1. What are the key differences between SQL and NoSQL databases

**SQL (Relational)**

 Tables with rows and columns
 Fixed schema (predefined structure)
 Vertically scalable (upgrading hardware)
 ACID-compliant (strong consistency)
 SQL (Structured Query Language)
 Efficient for complex queries and transactions
 Best for transactional systems (banking, ERP, etc.)
 MySQL, PostgreSQL, Oracle, MS SQL Server


**NoSQL (Non-relational)**

   Document-based, key-value, column-family, or graph-based
   Flexible schema (dynamic and adaptable)
   Horizontally scalable (adding more servers)
   BASE-compliant (more available, less consistent)
   Varies (e.g., MongoDB uses its own query language)
   Better for large-scale data and fast read/write operations
   Ideal for big data, real-time web apps, and data lakes
   MongoDB, Cassandra, CouchDB, Neo4j
  
 2. What makes MongoDB a good choice for modern applications

  MongoDB is a popular choice for modern applications due to its flexible schema, scalability, and developer-friendly features, making it well-suited for handling large volumes of data and evolving data models. Its ability to scale horizontally and its rich querying capabilities also contribute to its appeal, particularly for applications requiring real-time data processing and analytics.

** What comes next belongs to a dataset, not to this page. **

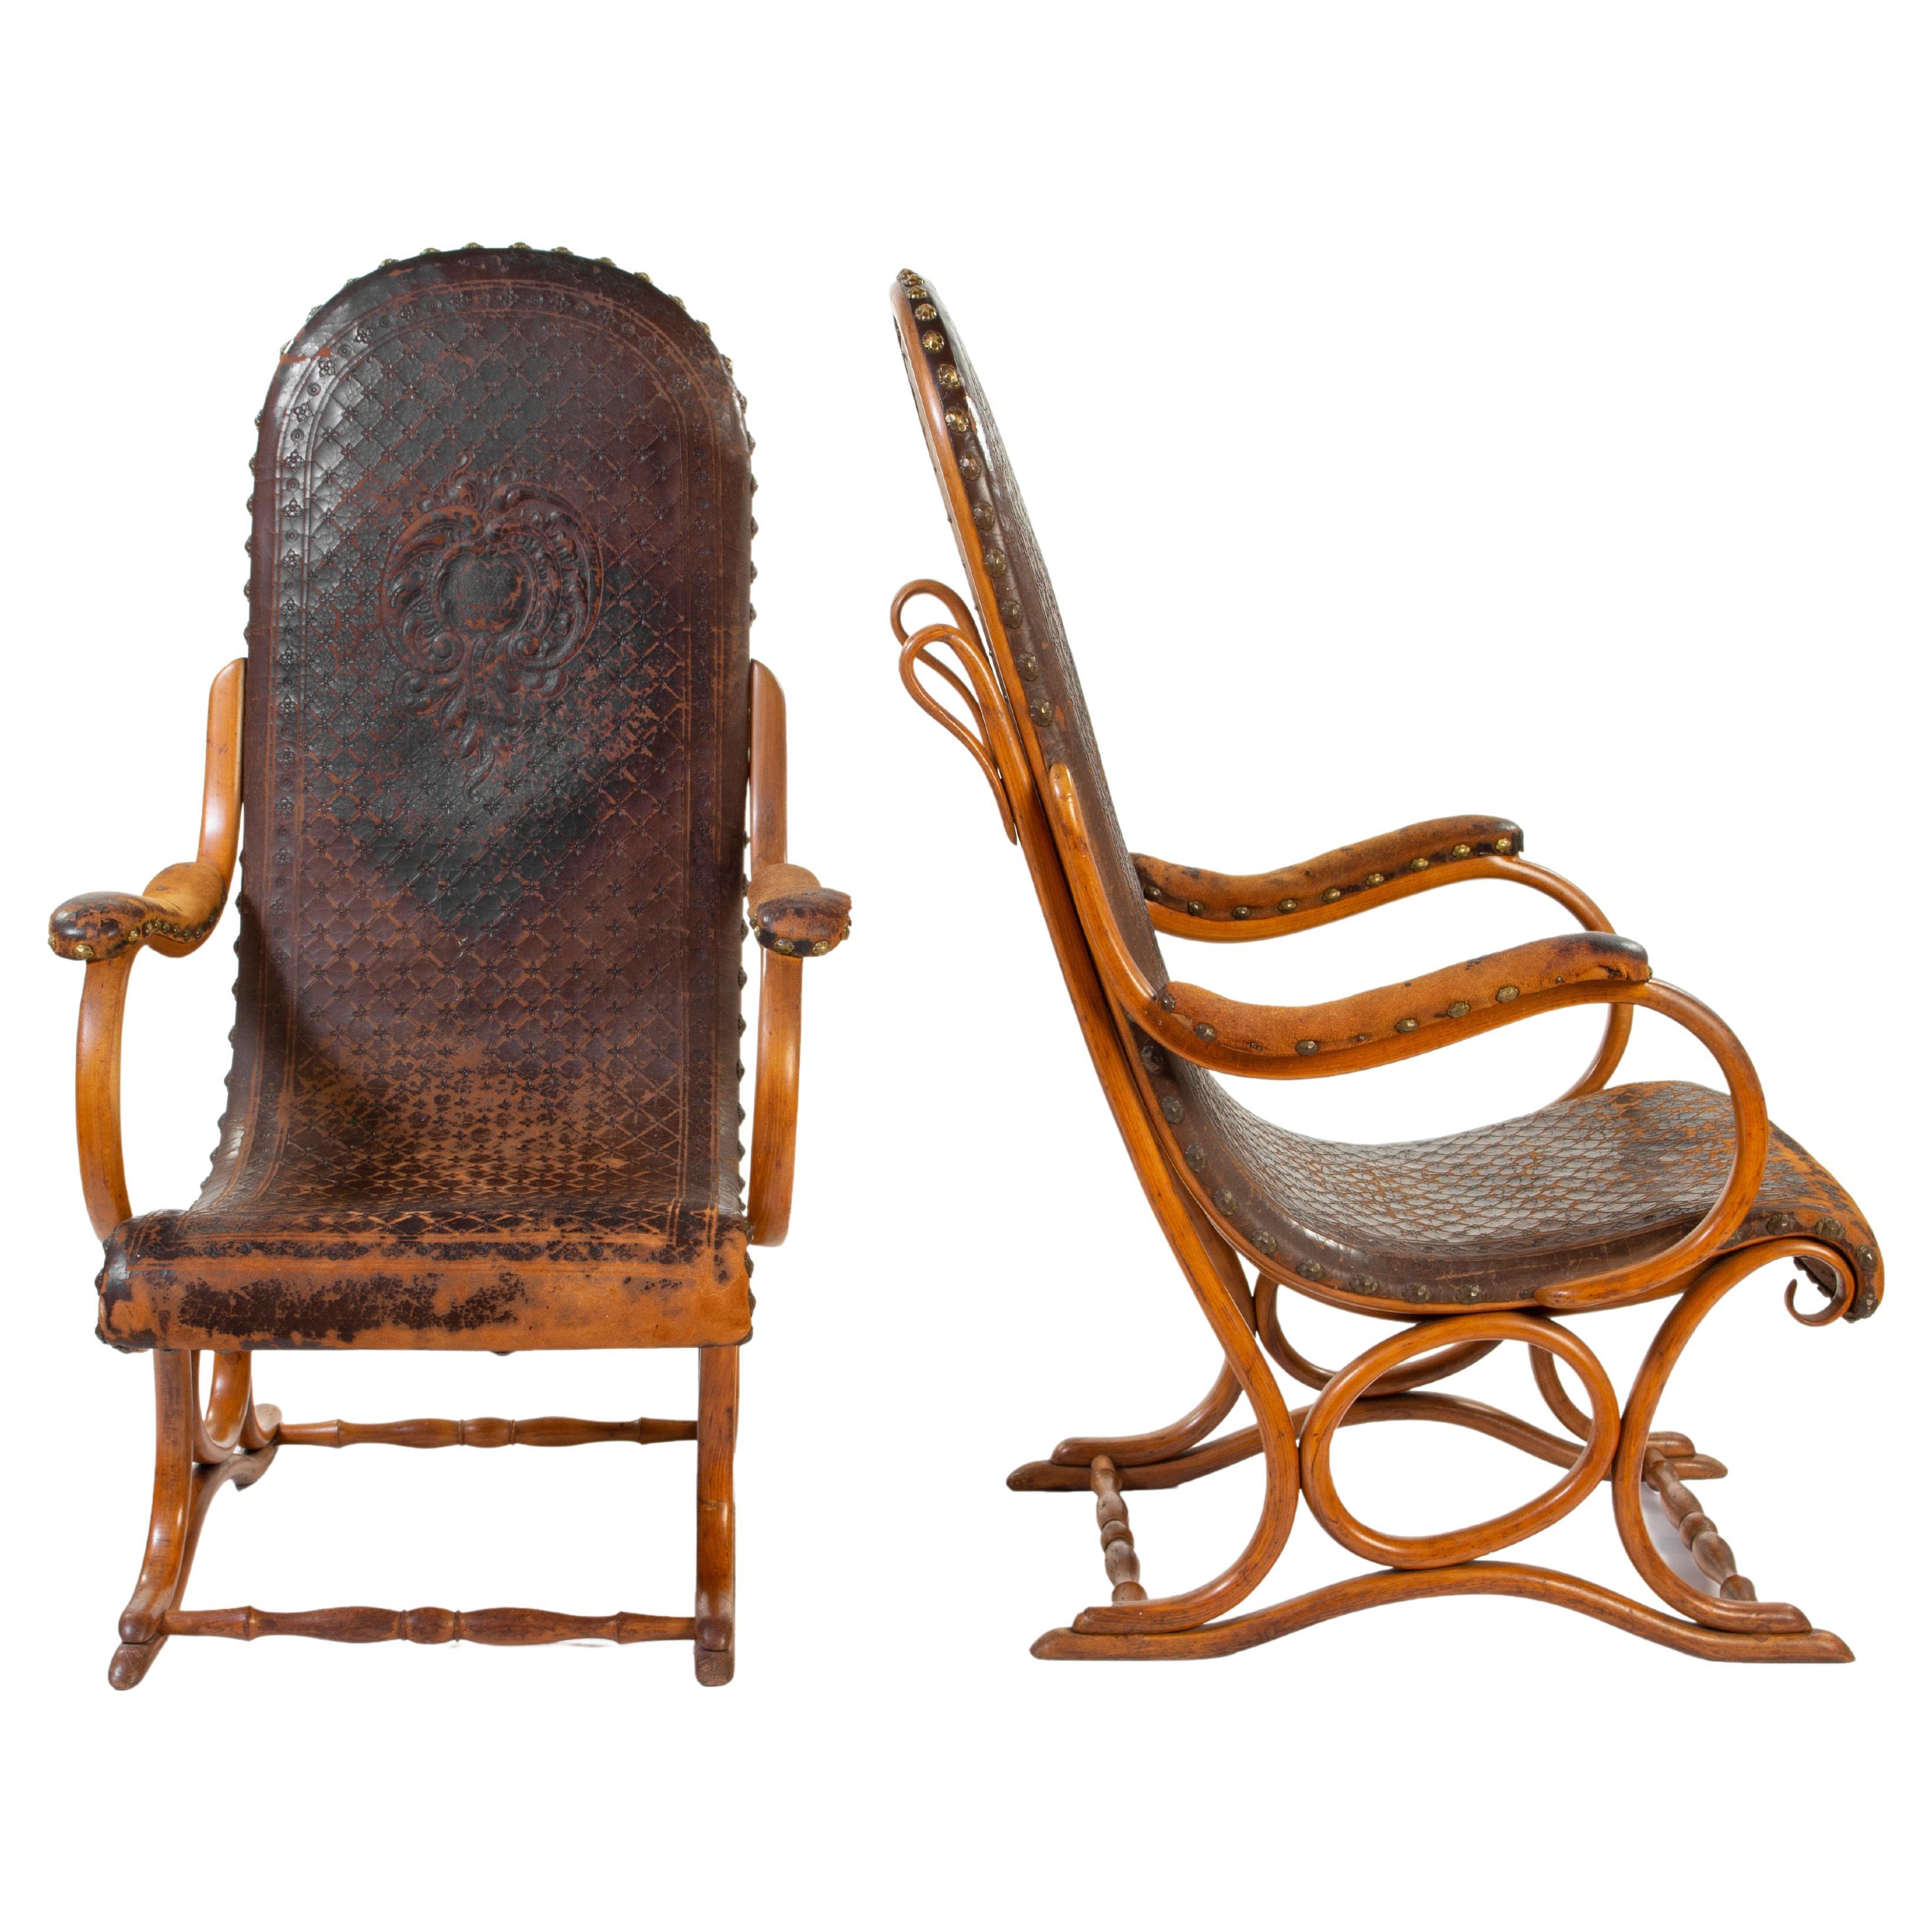 Paire de fauteuils en bois cintré, modèle n° 1, conçus par Gebrder Thonet vers 1900

 3. Explain the concept of collections in MongoDB

   In MongoDB, a collection is like a table in a relational database. It's a container for storing and organizing documents, which are analogous to rows in a table. Collections don't have a strict schema, meaning documents within the same collection can have different structures, offering flexibility.


 4. How does MongoDB ensure high availability using replication


   MongoDB achieves high availability through replication by distributing data across multiple servers (nodes) within a replica set. This redundancy ensures that if one node fails, others can continue to operate, preventing data loss and maintaining application uptime. Elections within the replica set automatically determine a new primary node, ensuring seamless failover.
 5. What are the main benefits of MongoDB Atlas

   MongoDB Atlas offers several key benefits, primarily centered around ease of use, scalability, and flexibility for developers. It provides a cloud-based solution for deploying and managing MongoDB databases, simplifying infrastructure management and allowing developers to focus on application development.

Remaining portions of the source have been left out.